Note that C(20,3) × C(20,3) × C(34,2) is not a correct solution nor does it illustrate a correct strategy!

(b) Here, it is more efficient to determine the total number of committees possible and remove those with no faculty: C(40,8) - [C(20,0) × C(20,8)].

Chapter 3 Section 3

• #1: C(7,k), with 0 ≤ k ≤ 7
• #7: (a) We need to traverse 8 blocks southward and 12 blocks eastward. This yields C(20,8) = C(20,12) 20-block paths from T to B. (b) One way to solve this problem is to consider the number of possible paths with no restrictions, C(20,8) = C(20,12), then count and remove those that can't be traversed. In the scenario described here, it is a 9-block drive to the west end of the street to be closed. There are C(9,4) = C(9,5) ways to get to that point. There is only one path from that point to the east end of that restricted street: C(1,1). Finally, there are C(10,4) = C(10,6) paths from that east-end point to point B. We multiply these three counts together, to match them: C(9,5) × C(1,1) × C(10,6). We then subtract this number of closed paths from the original total number of paths: C(20,12) − [C(9,5) × C(1,1) × C(10,6)].
• #11: This is analogous to the birth-order problems we explored: C(6,4) = C(6,2).
• #17: 12!/(4!2!2!)
• #26: (a) 21!/(3!2!2!2!2!2!2!3!) (b) There are 11 ways to choose the first (left-most) consonant and 10 ways to choose the last (right-most) consonant. There remain 19 letters to permute, to be placed between these two consonants. We still need to account for all the duplication of arrangements due to repetition of letters.
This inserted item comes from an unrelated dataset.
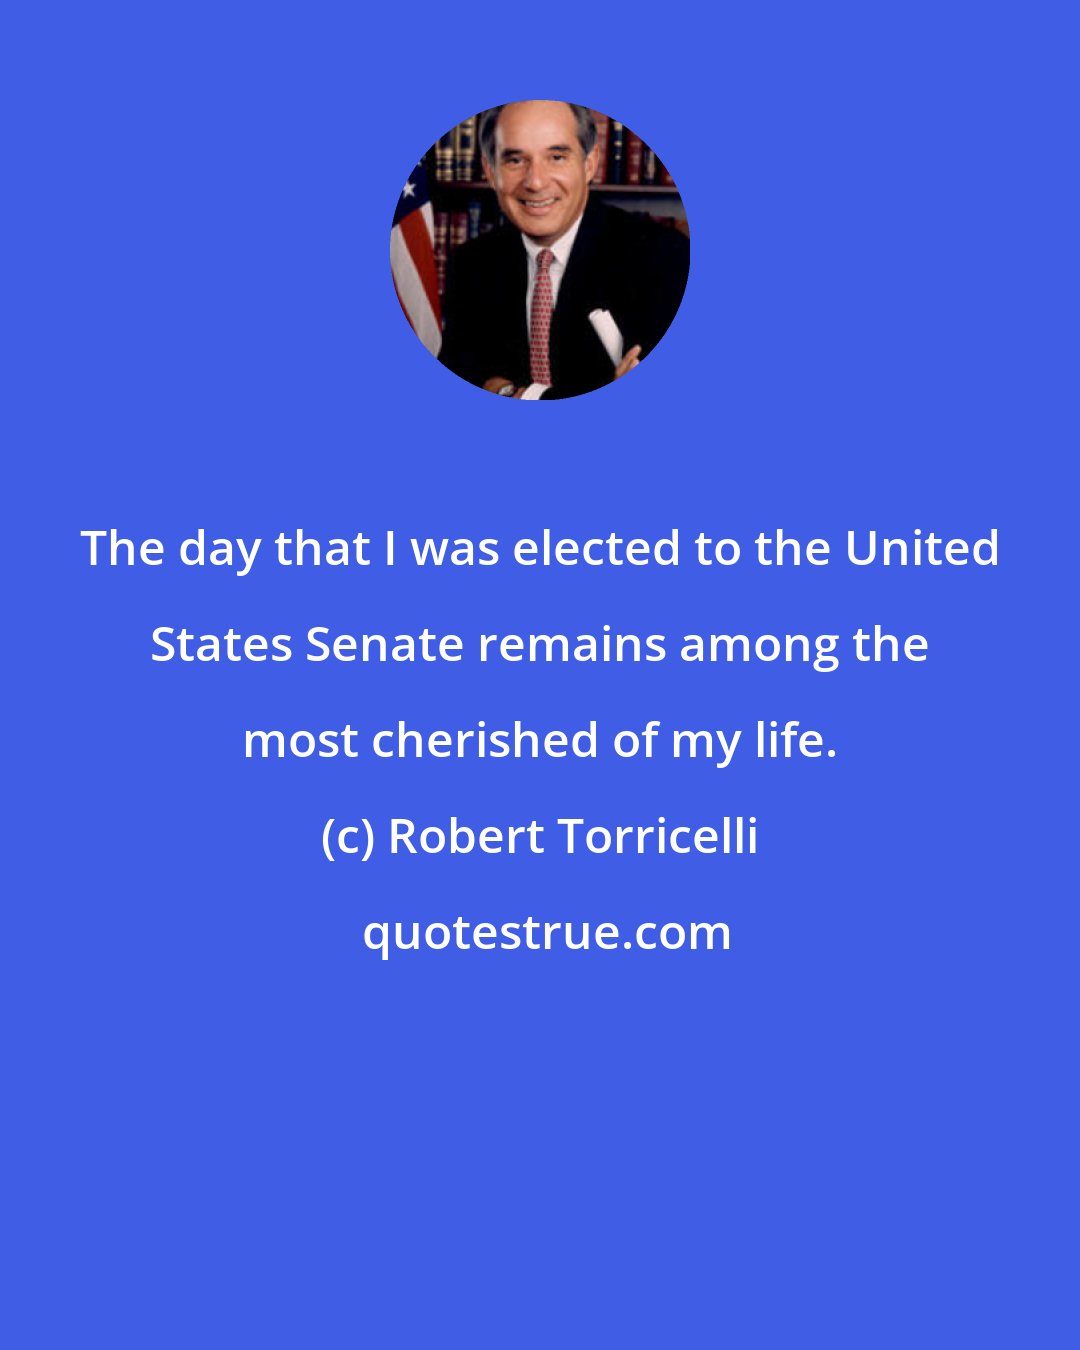 Robert Torricelli: The day that I was elected to the United States Senate remains among the most cherished of my life.

This yields (11×10×19!)/(3!2!2!2!2!2!2!3!) different such arrangements. (c) Concentrating on the vowels, we have 10!/(3!3!!2!2!) different arrangements of the vowels. We now have 11 consonants to arrange, yielding 11!/(2!2!!2!2!) different consonant arrangements. Because there are no restrictions on how the consonants are positioned (relative to consonants only), we can think of the 11 consonants as borders and the 12 spaces around the consonants as positions within which the one vowel group could be placed. This yields 12 spots into which we could drop the vowel group. We now match each consonant arrangement with each vowel arrangement, using the Multiplication Principle, and, finally, multiply that by 12: 12 × 10!/(3!3!!2!2!) × 11!/(2!2!!2!2!) different arrangements. (d) There are 11 unique letters in the word, and we select 5 of them, with no regard for order: C(11,5).